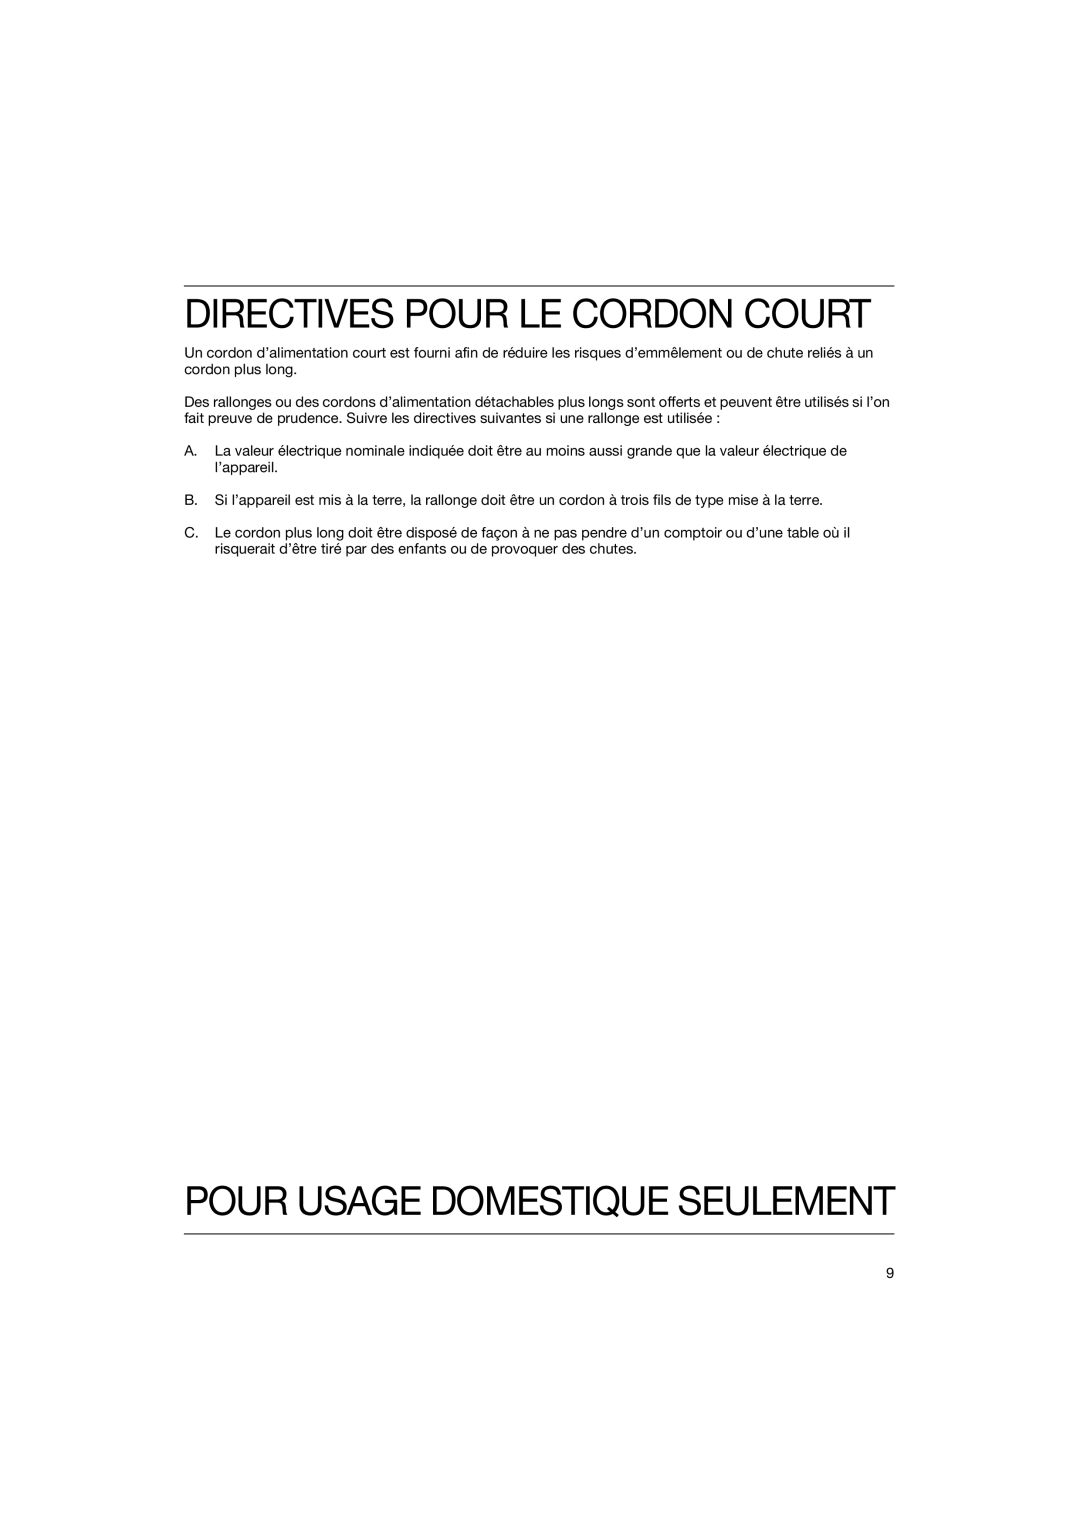 Braun 4118 manual Directives Pour Le Cordon Court, Pour Usage Domestique Seulement 
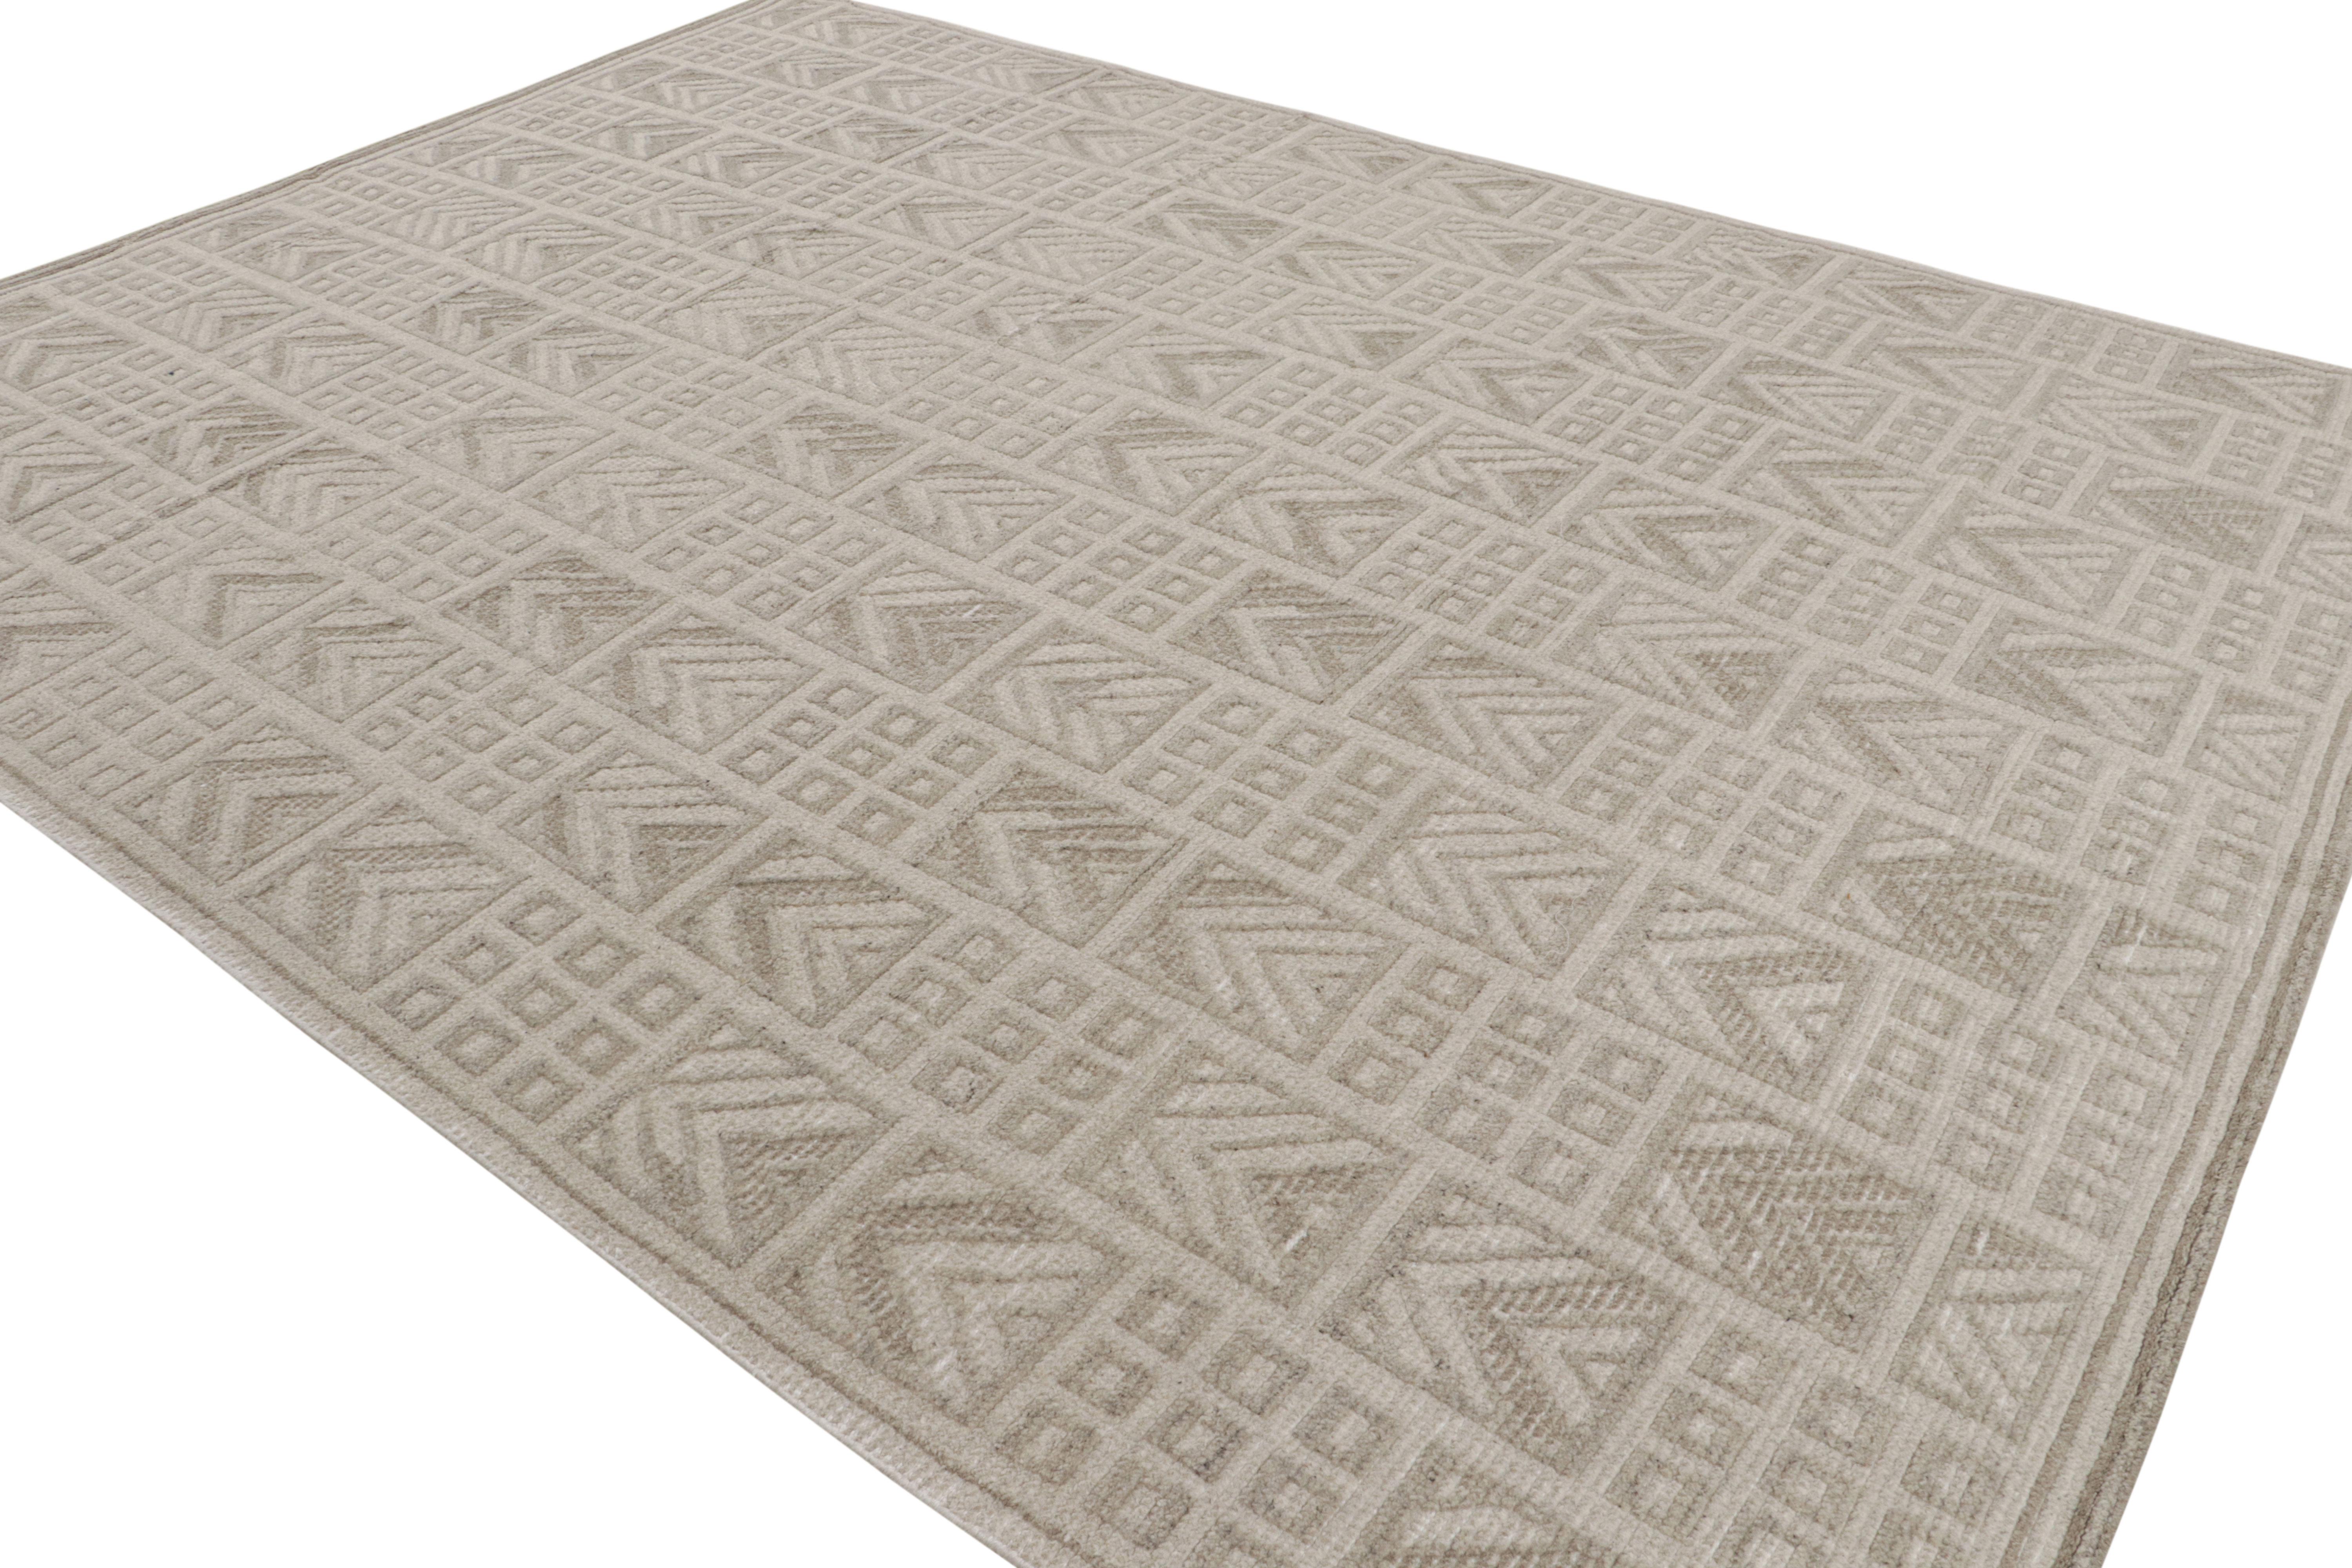 Nouveau venu dans la Collection S &New, ce tapis 9x12 en laine nouée à la main est une version contemporaine du style Rug & Kilim du milieu du siècle et du style déco suédois.

Sur le Design :

L'utilisation de fils naturels non teints permet

§ Directions:
Each line of the material is to be output exactly. Images are not part of the expected output.

§ Task answer:
 Braun 4118 manual Directives Pour Le Cordon Court, Pour Usage Domestique Seulement 
 Nouveau venu dans la Collection S &New, ce tapis 9x12 en laine nouée à la main est une version contemporaine du style Rug & Kilim du milieu du siècle et du style déco suédois.

Sur le Design :

L'utilisation de fils naturels non teints permet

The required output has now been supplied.